2 pork tenderloins, about 500 g each
2 tbsp Dijon mustard
1/4 tsp salt
1 tbsp olive oil
2 tbsp butter
2 red apples, preferably Red Delicious, cored and thinly sliced
1 tbsp granulated sugar
1 tbsp chopped fresh rosemary
1/4 cup brandy
Preheat oven to 375F. Line a baking sheet with parchment and set aside. Brush pork with Dijon and sprinkle with salt. Season with pepper.
Heat a large non-stick frying pan over medium-high.

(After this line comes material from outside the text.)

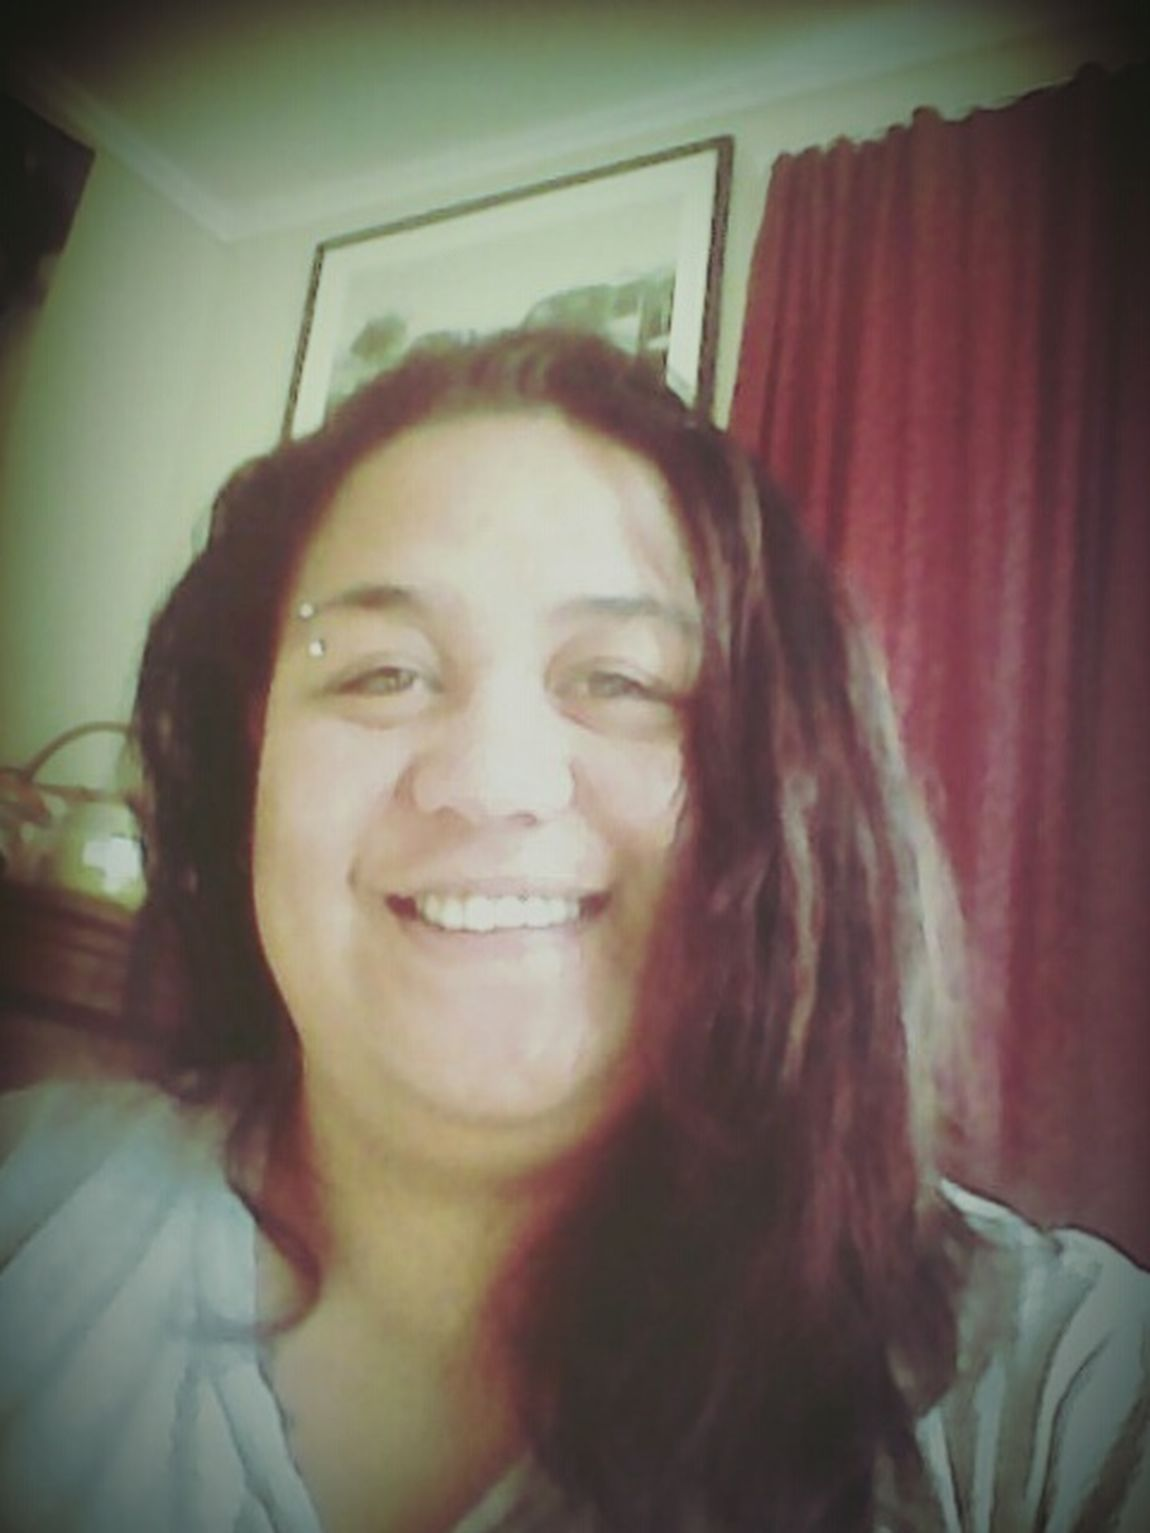 Allnatural NoEditNoFilter Puresunlight ONFLEEK Enjoying The Sun That's Me Hi! Selfie ✌ Lovingme4me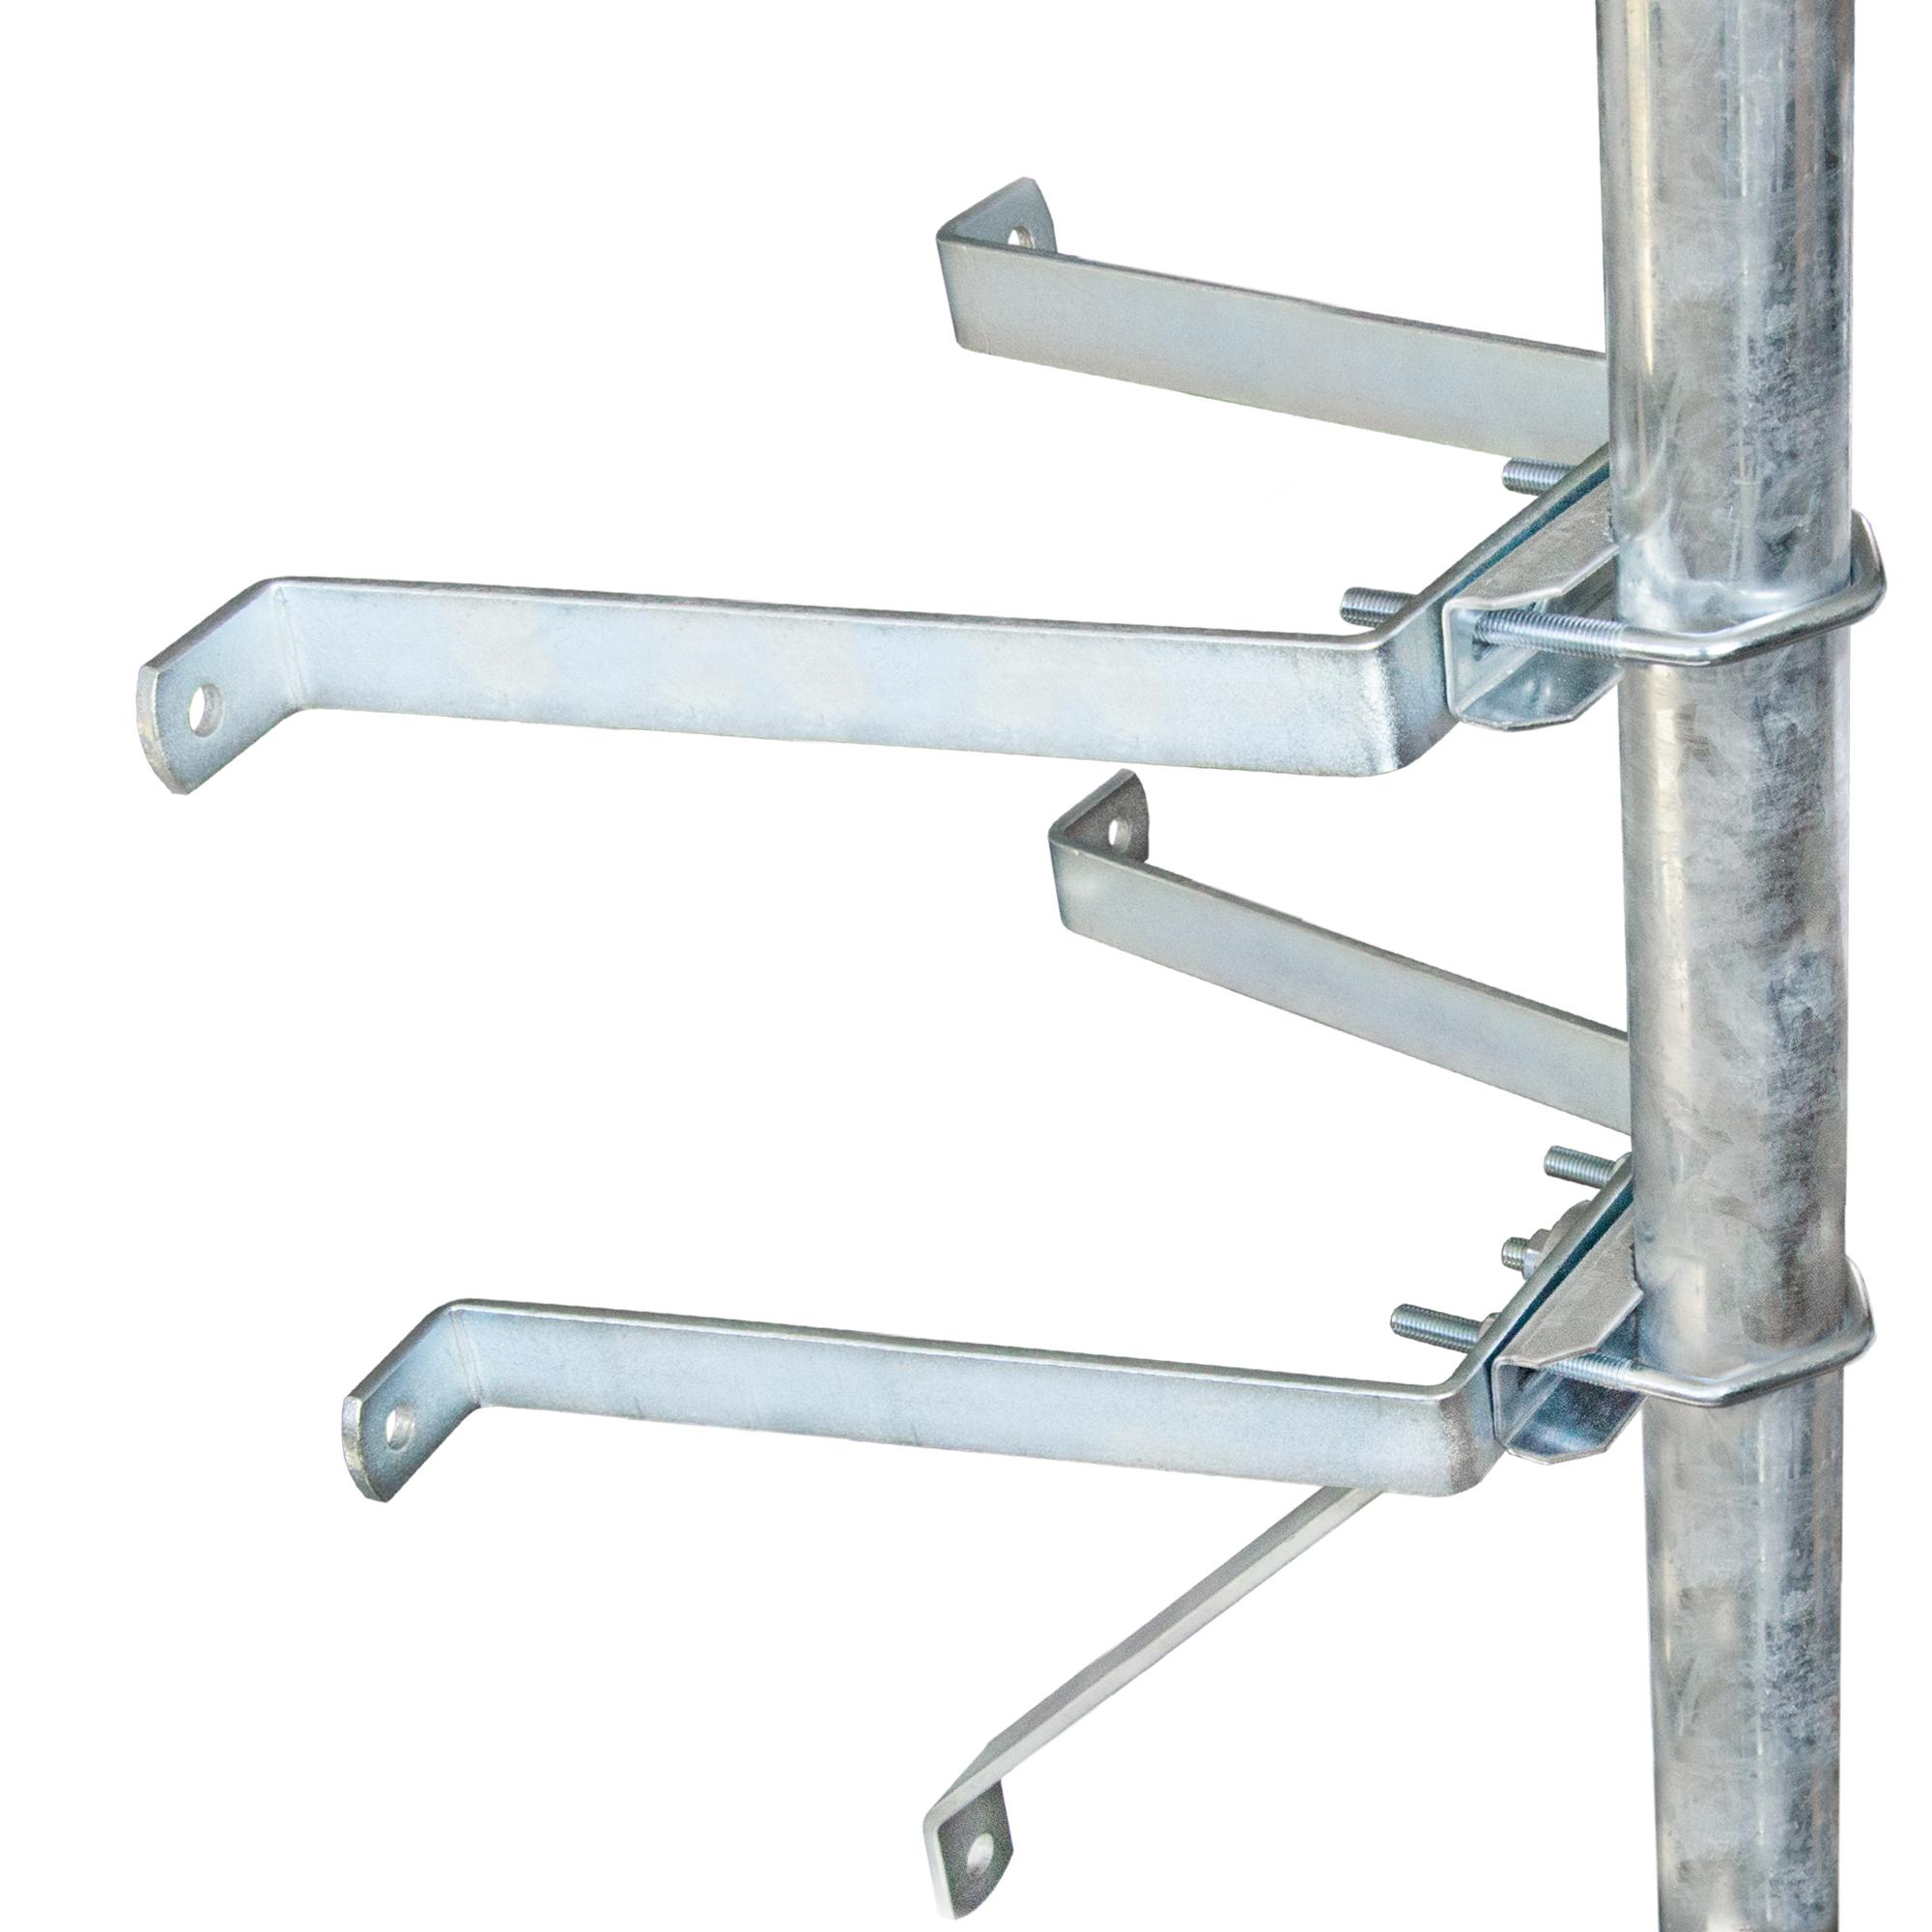 PremiumX Sat-Mauerhalter Wandabstandshalter Wandabstand 30cm für Mast bis Ø 60mm aus verzinktem Stahl

Add oil, then pork. Sear meat, turning often, until dark golden brown, 5 to 7 min. Transfer pork to prepared sheet.
Roast in centre of oven until a meat thermometer inserted into thickest part of meat reads 160F, 20 to 22 min. Transfer to a cutting board. Let stand 5 min.
Melt butter in same frying pan over medium. Add apples, sugar and rosemary. Cook until apples are tender, 3 to 5 min. Add brandy and boil for 1 min. Slice pork tenderloin into medallions. Divide among 6 plates. Serve with apple mixture.
Calories 316, Protein 37g, Carbohydrates 9g, Fat 10g, Fibre 1g, Sodium 266mg.
A scrumptious British Columbia pinot noir that does a hostess proud. Its flavours are a bouquet of summer berries, cherry, raspberry, mint and plum. This elegant fruitiness echoes and elevates the flavours of pork and apple. Quail's Gate Pinot Noir, British Columbia, $25.